The fund itself began in the early ‘90s and it did small, ad hoc kinds of giving. I joined the board of Limoneira in 2017, and started working with then Jim Rivera at the Ventura County Community Foundation. And 2018 was our first grant year, and it was kind of a live and learn. I remember in 2018, I think it was the Montecito Bank & Trust Community Dividends event, and I mentioned, “Oh, we’ve got this foundation.” It was like, “Y’all come!” We had over 60 applications, so we quickly learned we needed to be more targeted, and we’re still kind of working on that. Our mission is really to support the cultural, the educational, the business vitality of the areas in which we live and work. But in the first couple of years, it was kind of broad Ventura County, so now we say it’s the communities of the Santa Clara Valley, so Ventura, Santa Paula, Fillmore, Piru, and also Oxnard, because frankly they are underserved. And we’re not a big foundation; we have about $150,000 that we give each year. We like to be able to concentrate on a smaller group and make more meaningful grants, but it’s been such an opportunity and a privilege to hear about all the really amazing nonprofits and the work they’re doing, and of course the support they get from VCCF.

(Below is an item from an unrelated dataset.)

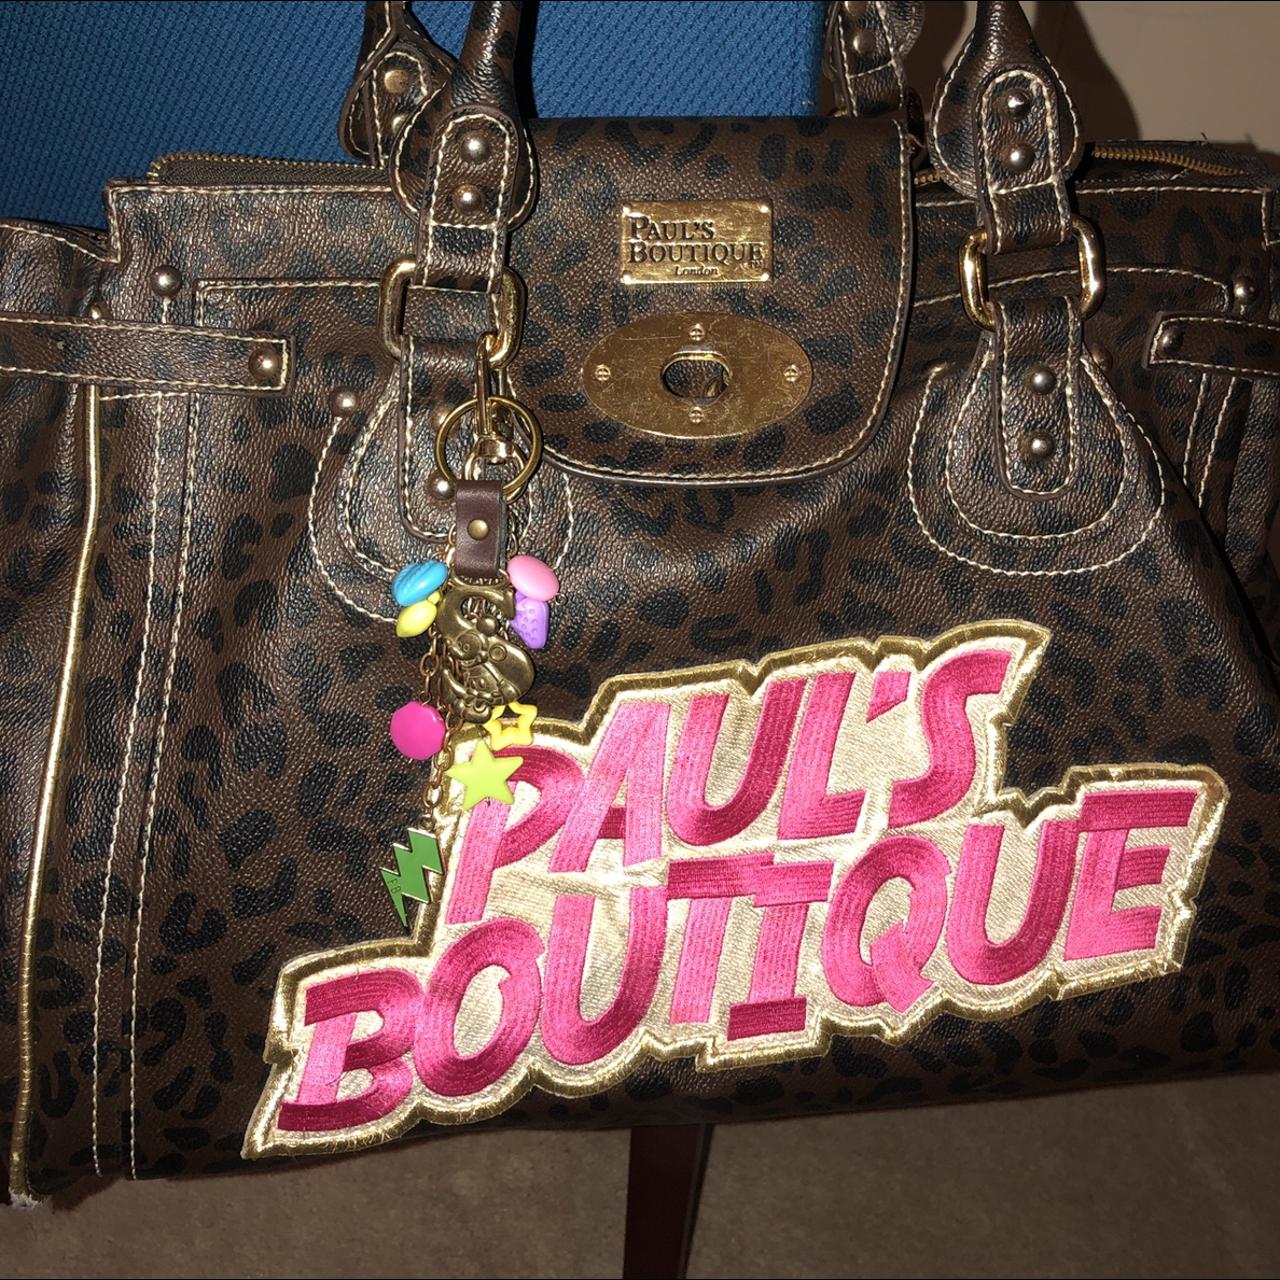 Green Paul's Boutique Bag with Leopard Print - Depop
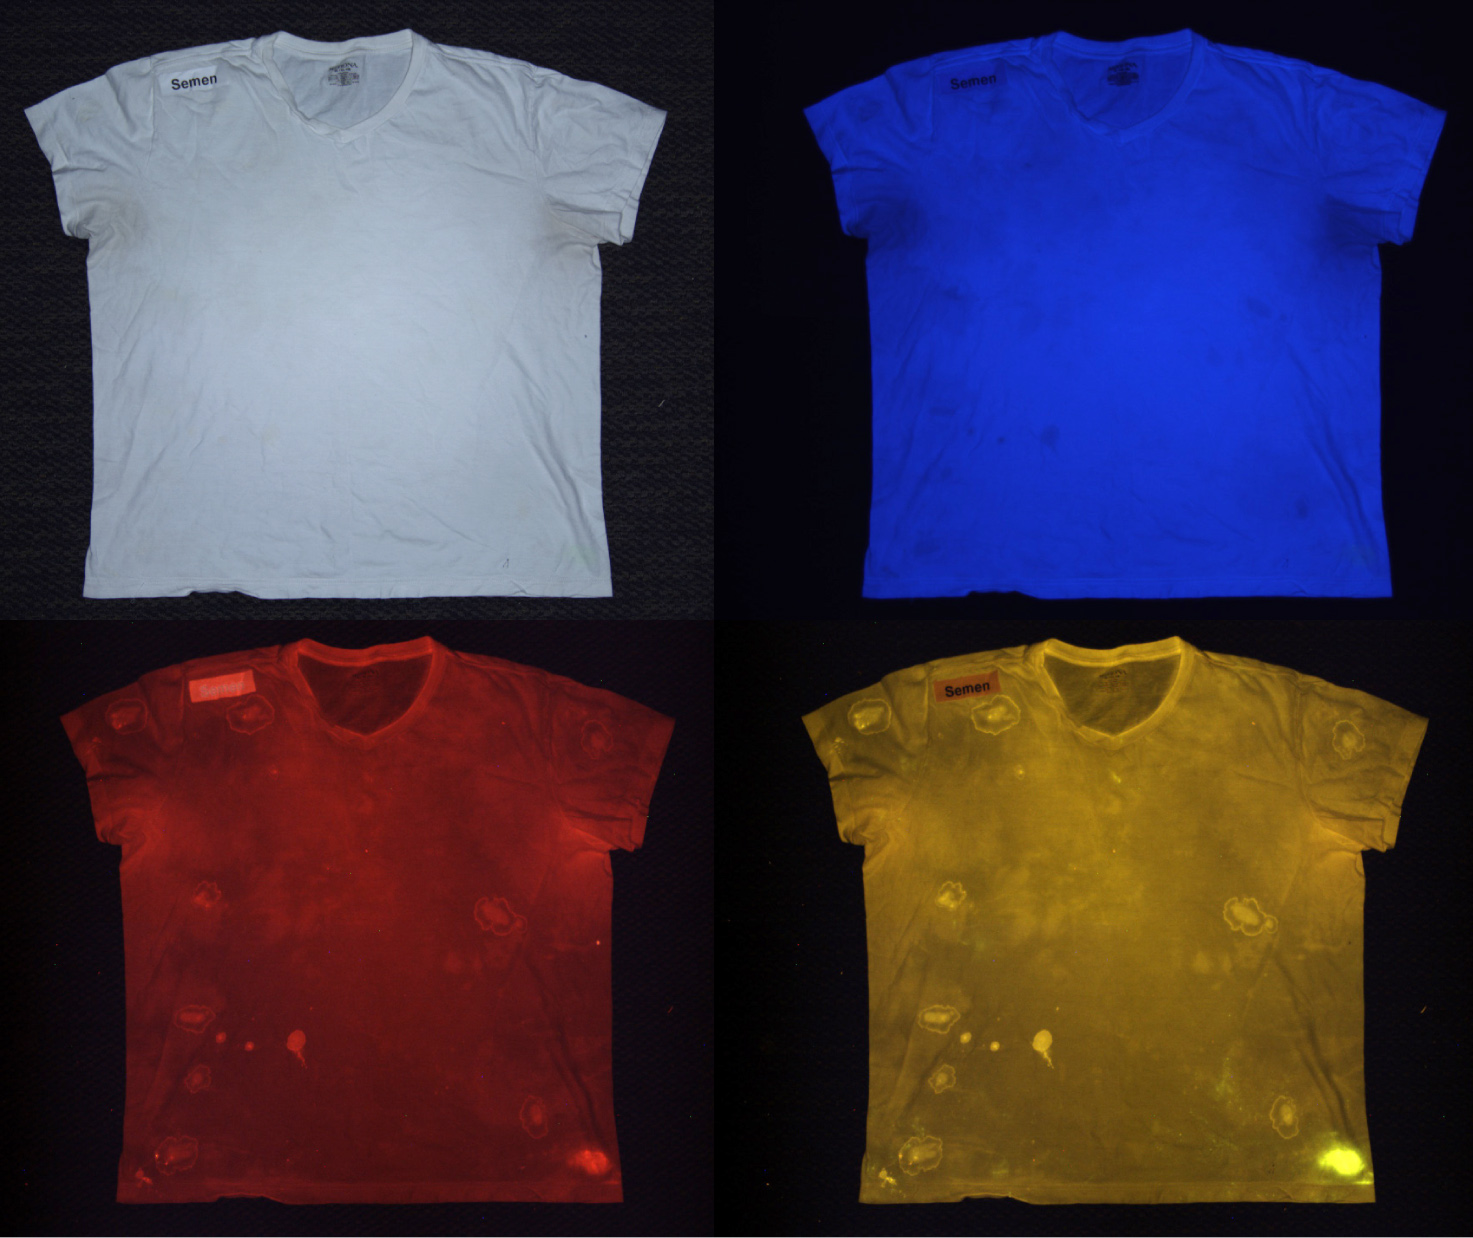 LSV2 images of same white shirt under various lighting options

Do you have any advice for anyone who wants to give back?

You don’t have to choose something lofty, you know, world peace. You don’t have to be Miss America. But do what’s important to you, and it may be something very small, or you think it’s small. Just get involved at whatever level, and it may be at your school board, or your church. Maybe that’s the only thing you do, and that’s alright. You don’t have to be the volunteer queen. Follow your gut and your heart, and work hard and try to do the best you can for that particular bit of your heart.